Individual placement and support (IPS) has been repeatedly demonstrated to be the most effective form of mental health vocational rehabilitation. Its no-discharge policy plus fixed caseloads, however, makes it expensive to provide.

Aims

To test whether introducing a time limit for IPS would significantly alter its clinical effectiveness and consequently its potential cost-effectiveness.

Method

Referrals to an IPS service were randomly allocated to either standard IPS or to time-limited IPS (IPS-LITE).
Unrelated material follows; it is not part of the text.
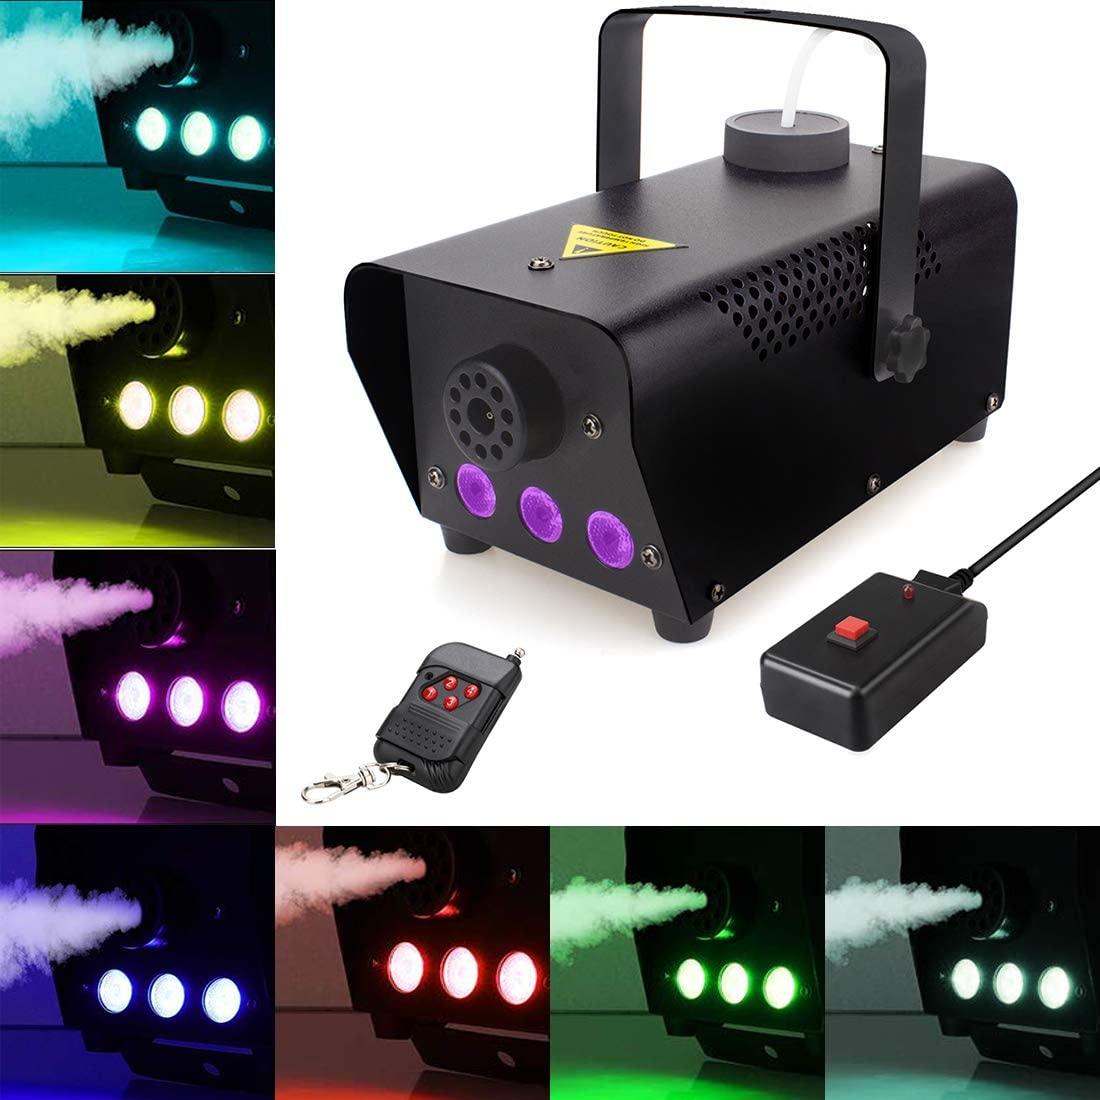 Fog Machine with lights, 7 Color LED 400-Watt Portable Fog Machine with Wireless Remote Control, Smoke Machines for Parties Halloween Wedding Christmas Dance DJ

IPS-LITE participants were referred back to their mental health teams if still unemployed at 9 months or after 4 months employment support. The primary outcome at 18 months was working for 1 day. Secondary outcomes comprised other vocational measures plus clinical and social functioning. The differential rates of discharge were used to calculate a notional increased capacity and to model potential rates and costs of employment.

Results

A total of 123 patients were randomised and data were collected on 120 patients at 18 months. The two groups (IPS-LITE = 62 and IPS = 61) were well matched at baseline. Rates of employment were equal at 18 months (IPS-LITE = 24 (41%) and IPS = 27 (46%)) at which time 57 (97%) had been discharged from the IPS-LITE service and 16 (28%) from IPS. Only 11 patients (4 IPS-LITE and 7 IPS) obtained their first employment after 9 months. There were no significant differences in any other outcomes. IPS-LITE discharges generated a potential capacity increase of 46.5% compared to 12.7% in IPS which would translate into 35.8 returns to work in IPS-LITE compared to 30.6 in IPS over an 18-month period if the rates remained constant.

Conclusions

IPS-LITE is equally effective to IPS and only minimal extra employment is gained by persisting beyond 9 months. If released capacity is utilised with similar outcomes, IPS-LITE results in an increase by 17% in numbers gaining employment within 18 months compared to IPS and will increase with prolonged follow-up. IPS-LITE may be more cost-effective and should be actively considered as an alternative within public services.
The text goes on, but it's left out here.